HGP-RL: Distributed Hierarchical Gaussian Processes for Wi-Fi-based Relative Localization in Multi-Robot Systems
Ehsan Latif, Ramviyas Parasuraman
TL;DR
This work tackles GPS-denied relative localization in multi-robot systems by introducing HGP-RL, a distributed RSSI-based framework that maps Wi-Fi RSSI to the AP position using a three-level hierarchical Gaussian Process. Each robot runs local GP regression, performs hierarchical AP-position inference, and then applies AP-oriented algebra to compute relative positions of neighbors, enabling scalable, communication-efficient localization on resource-constrained platforms. The approach outperforms state-of-the-art GPR-based sources and relative localization methods in accuracy, computation, and bandwidth, demonstrated in Robotarium simulations and real ROS-based rendezvous experiments. The combination of hierarchical, sparse GP inference and AP-centric transformations offers a practical, scalable solution for cooperative tasks like rendezvous and formation control in cluttered or LOS-limited environments, with publicly released code for replication and extension.
Abstract
Relative localization is crucial for multi-robot systems to perform cooperative tasks, especially in GPS-denied environments.
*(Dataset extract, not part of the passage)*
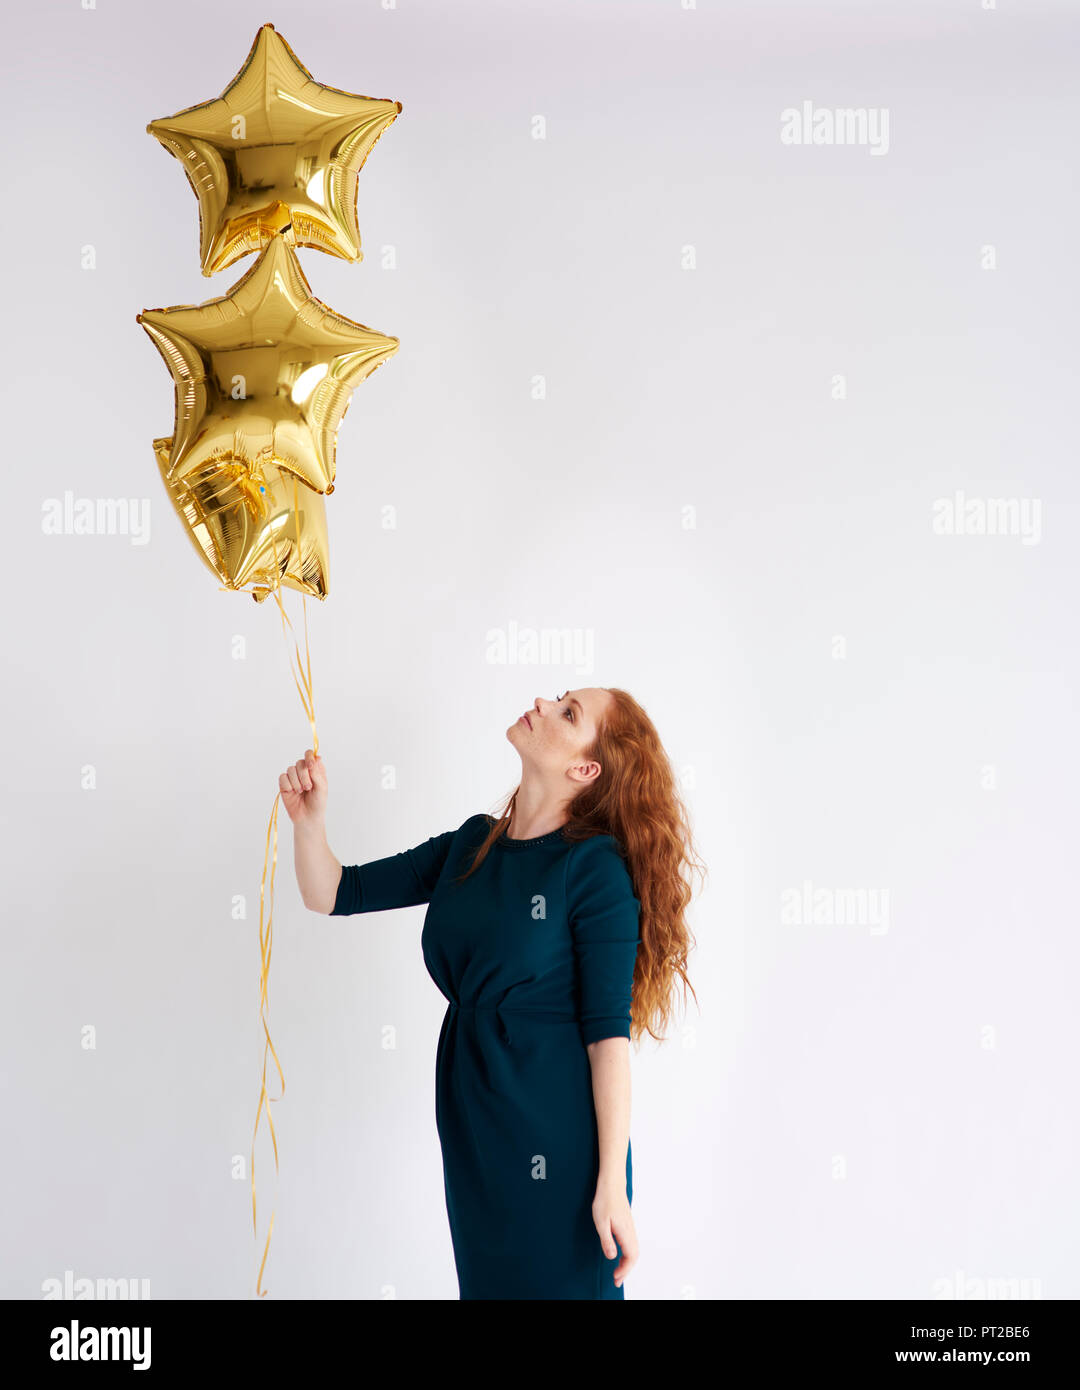 Junge Frau mit drei golden star-förmige Ballons Stockfoto

Current techniques for multi-robot relative localization rely on expensive or short-range sensors such as cameras and LIDARs. As a result, these algorithms face challenges such as high computational complexity (e.g., map merging), dependencies on well-structured environments, etc. To remedy this gap, we propose a new distributed approach to perform relative localization (RL) using a common Access Point (AP). To achieve this efficiently, we propose a novel Hierarchical Gaussian Processes (HGP) mapping of the Radio Signal Strength Indicator (RSSI) values from a Wi-Fi AP to which the robots are connected. Each robot performs hierarchical inference using the HGP map to locate the AP in its reference frame, and the robots obtain relative locations of the neighboring robots leveraging AP-oriented algebraic transformations. The approach readily applies to resource-constrained devices and relies only on the ubiquitously-available WiFi RSSI measurement. We extensively validate the performance of the proposed HGR-PL in Robotarium simulations against several state-of-the-art methods. The results indicate superior performance of HGP-RL regarding localization accuracy, computation, and communication overheads. Finally, we showcase the utility of HGP-RL through a multi-robot cooperative experiment to achieve a rendezvous task in a team of three mobile robots.